Most of the developers and all the technology vendors involved are based overseas, the report notes, and although the projects will involve large contracts with UK suppliers, the scope for developing UK supply chains for the highest value elements is "seriously weakened by this fact", and by the fact that the capital funding is sourced wholly from overseas organisations too, including some with substantial shareholdings by overseas governments. The selection of different technologies by different owners for the different sites means that each will need to develop its own supply chain independently, it adds.
The commission recommends that the government takes a large stake in future nuclear new build projects, and should develop the supply chains for the UK nuclear industry to ensure that UK business is able to supply a higher proportion of the highest value components of new nuclear build.
"The UK has managed to reduce its carbon emissions significantly, but we have now largely banked the easy carbon savings obtained by switching from coal generation to gas. The largest contribution to our low-carbon energy supply comes from nuclear, where problems lie ahead. Nuclear generating capacity currently supplying about 17% of our electricity comes from the ageing Advanced Gas-cooled Reactor (AGR) fleet, which will have been taken out of service by 2030, emphasising the urgency of the delayed nuclear new build programme," it adds.
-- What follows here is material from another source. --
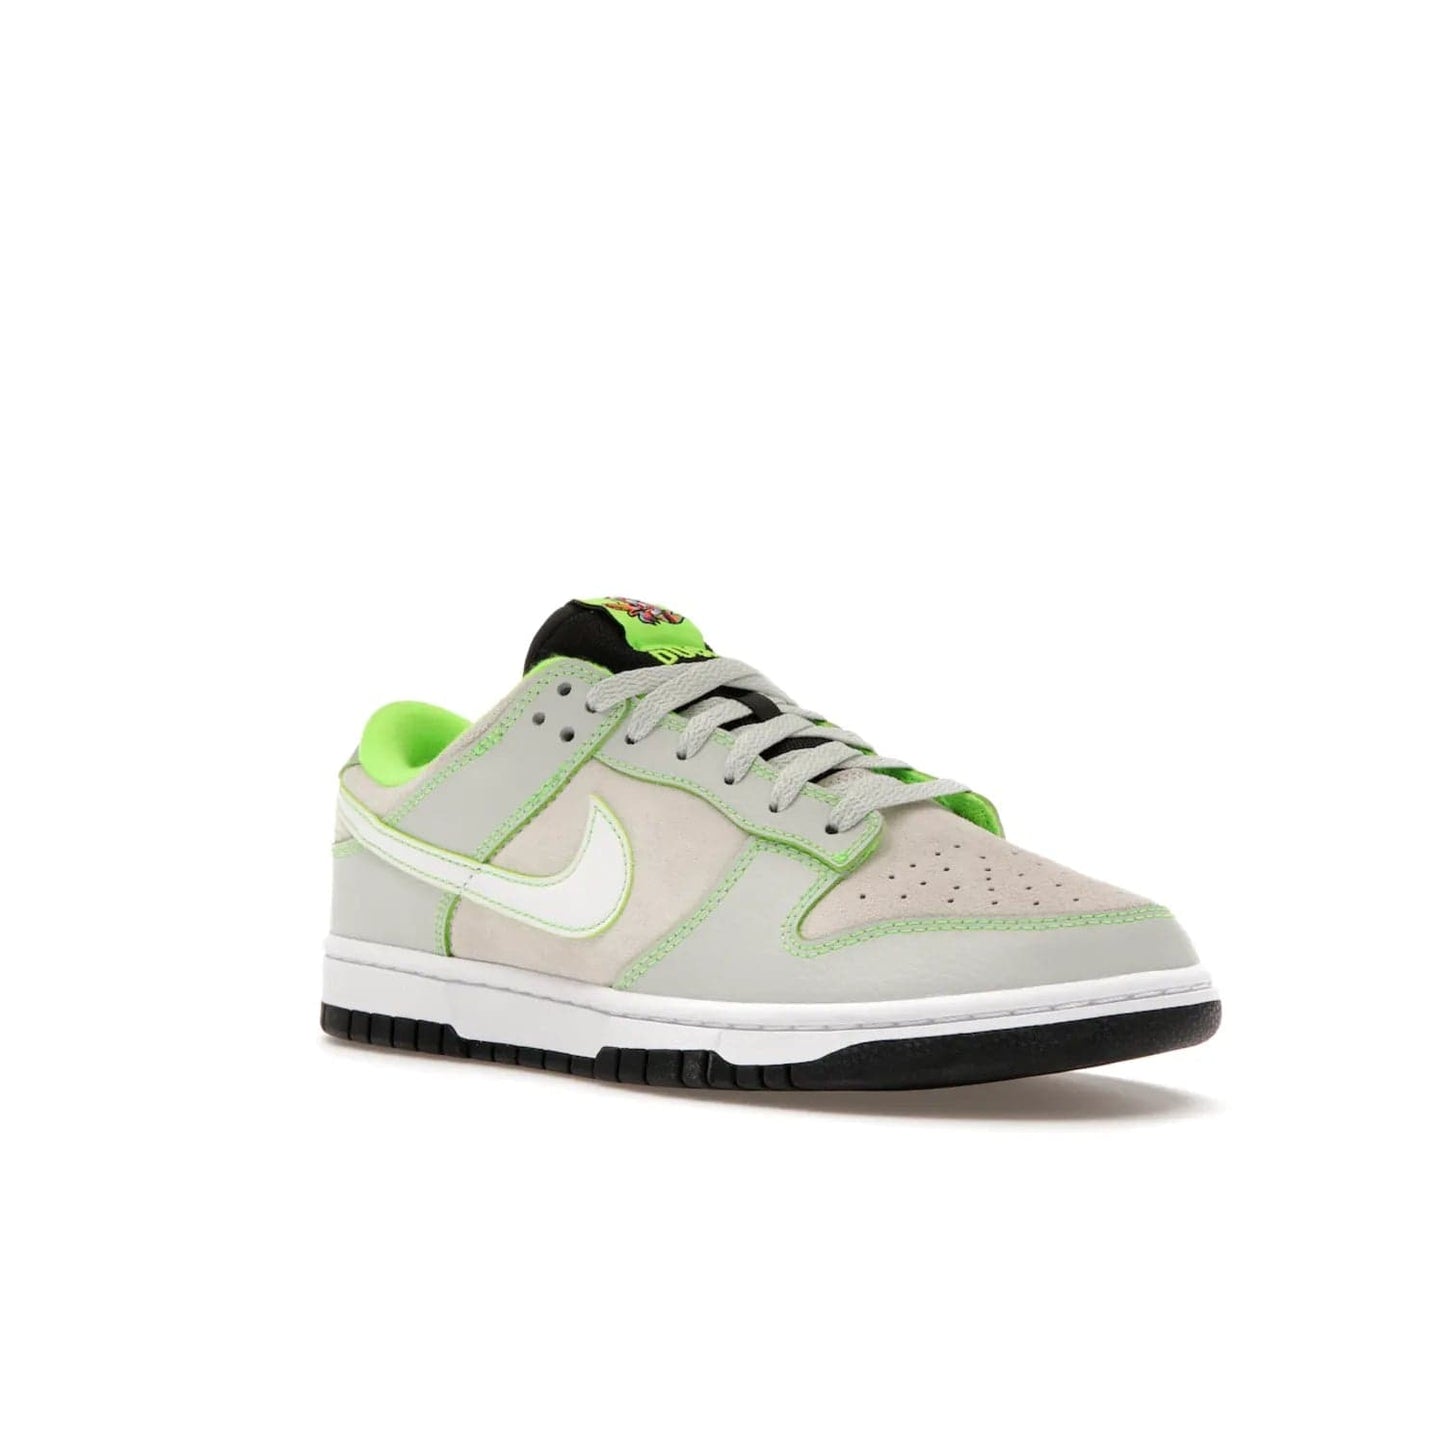 Nike Dunk Low University of Oregon PE (2023) - Image 5 - Only at www.BallersClubKickz.com - Sleek Light Silver and White upper, complemented by Black and Electric Green accents. Nike Dunk Low University of Oregon PE, set to be released April 2023. Must-have for any serious fan.

The existing state of energy infrastructure is not adequate, it notes, citing energy economist Dieter Helm, who writes: "The energy sector is not in good shape. It is not fit for the purposes of a major industrial economy, and especially for one doing Brexit ... The years of investment neglect are being played out just when all the coal is closing, the existing nuclear fleet is aging, existing gas power stations have taken a severe bath, and new nuclear is getting later and later."
The report also says that a 100% low-carbon electricity system will need to rely on some combination of renewables, nuclear, and gas with carbon capture and storage. The problem of the intermittency of renewables will need to be overcome, it says, with some combination of new energy storage technologies and better demand management.
The need to ramp up investment in research development and deployment in energy may be a particularly important example here, it says.
"The existing poles of R&D are in London, the East and South East, yet the natural locations for new clusters in offshore wind power, new nuclear, and carbon capture and storage are all likely to fall in Humberside and East Yorkshire, in Somerset and Cumbria," it adds.
The report calls on May to establish an industrial strategy unit at the Treasury to ensure that all other departments developed policies consistent with the government's long-term blueprint. It also says that a new body - an Office for Strategic Economic Management - should be created to monitor and measure the success of the industrial strategy.